Top HP security architect Donald Pipkin recently released the second edition of his book, "Halting the Hacker: A Practical Guide to Computer Security." Pipkin's book looks at threats, tools and responses with a focus on countermeasures to protect HP-UX, Linux or Unix systems.
The man with 15 years of network security experience tells eSecurityPlanet that network and security administrators need to figure out exactly what their data is worth and put that figure in line with how much they're spending on security. He also says he worries about all those stable old networks that were built before security was a major concern, and that users are adding devices and modems to corporate networks under IT's radar.
Q: Is there a general profile of today's corporate network hacker?
The hacker profile has become more diverse than it was a few years ago. Historically, the hacker has been the young, MIT student trying to figure out how things work and somewhat unaware of the consequences. Today, there are more people with malicious intent looking for ways to profit from hacking. Regular criminals have discovered that over the Internet they have greater access to people. A lot of it has to do with the amount of skill necessary. Early on, it required a lot of skill to know what worked. Today it's more plug-and-play. Hacker tools are exploding on the market. You don't have to create an exploit by yourself. It's almost point-and-hack. You really don't need to know anything but how to run the tools to break into a system.
Q: Are most companies adequately prepared for a network attack?
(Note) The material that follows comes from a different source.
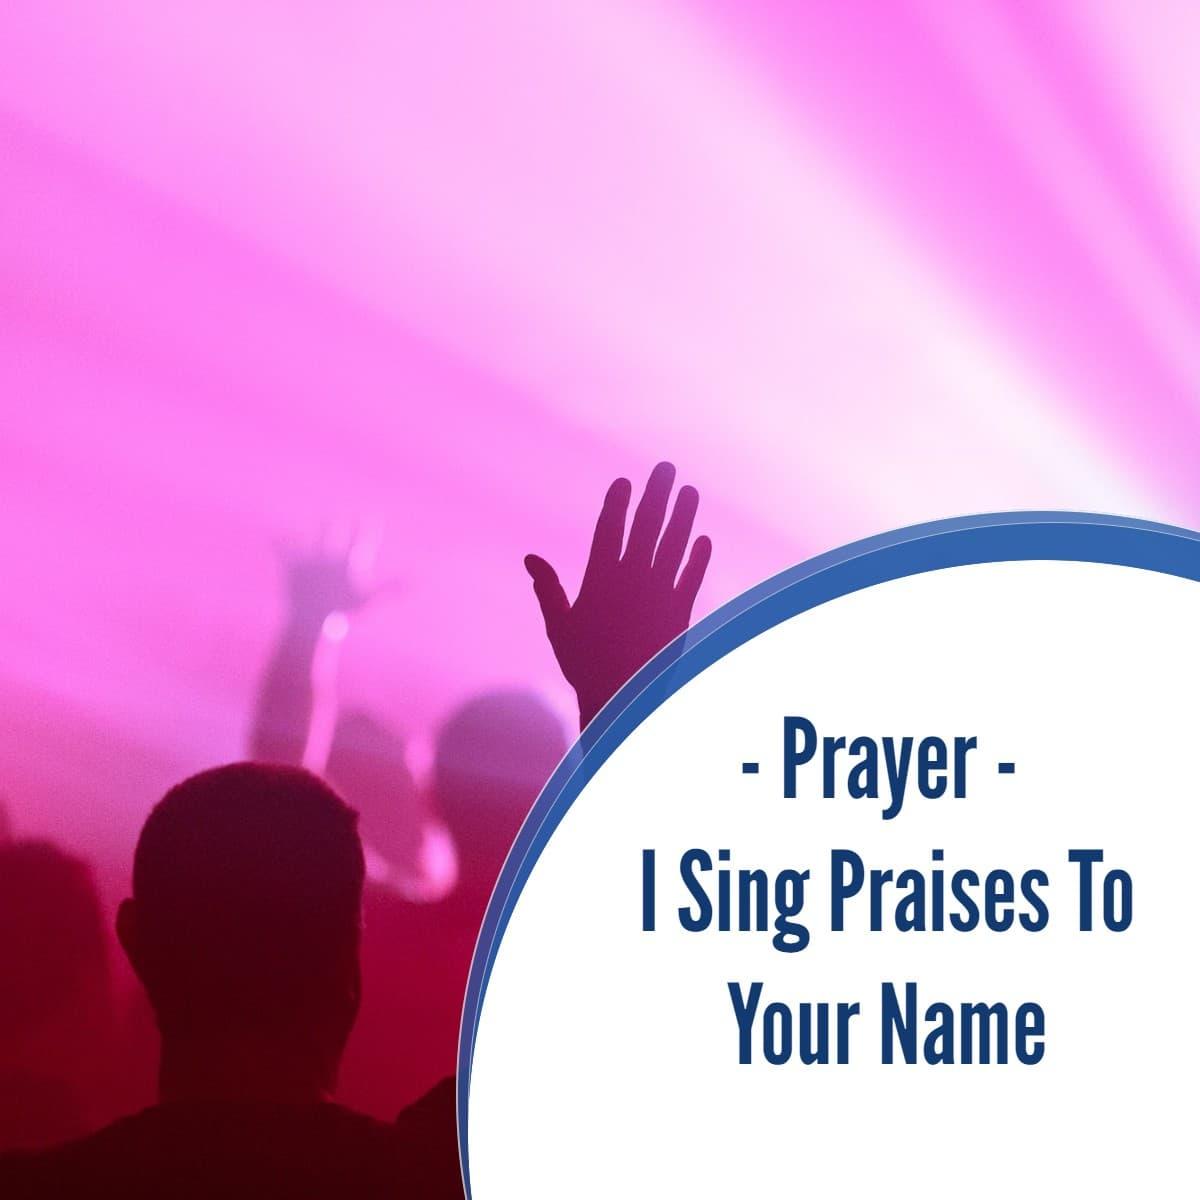 Prayer: I Sing Praises To Your Name
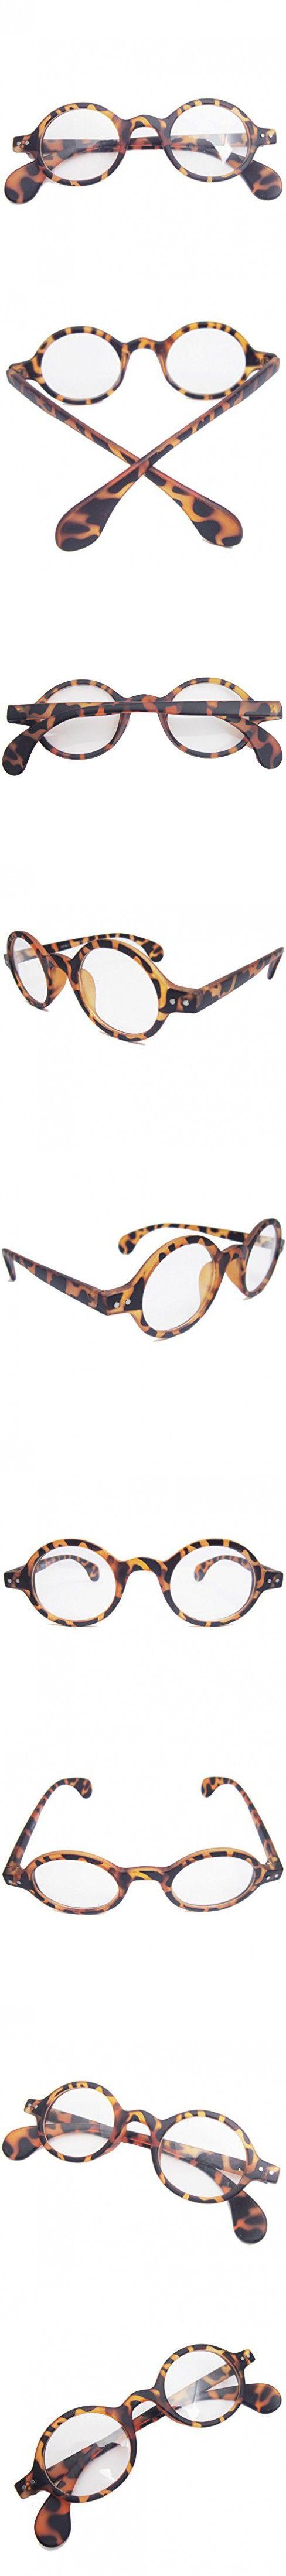 Retro Prescription Eyewear Glasses Small Round Optical Eyeglass Frame (Leopard)

Most companies are taking basic precautions. There's a lot of denial and there's a lot of funding issues. Companies are spending money on viruses and things that have an immediate day-to-day impact. Those things have to be taken care of. But a lot of companies don't have a good risk understanding of what a disgruntled employee or someone from the inside can have. I don't think they've evaluated those risks. Employees can access porn sites. But they also can really do some damage. There's more of a need for companies to do a big risk analysis.
Q: What could IT and security administrators do to improve their preparedness?
Do some disaster planning. Know what your data is and what it's worth. What is the impact if that information is destroyed or disclosed or just taken and misused. It's not just that my business can't do business if the information is destroyed. But if it's taken and misused, you have privacy issues to deal with. What is my level of liability if someone is injured by the information that is stolen and disclosed? With health care, think of the information they have about people. What if someone gets access to those records and misuses it? You have health care providers and insurance companies and all these people who have the right to see some of this information. How do you control that? It's going to take a lot of time and resources to control that environment.
Q: What are a lot of companies doing wrong?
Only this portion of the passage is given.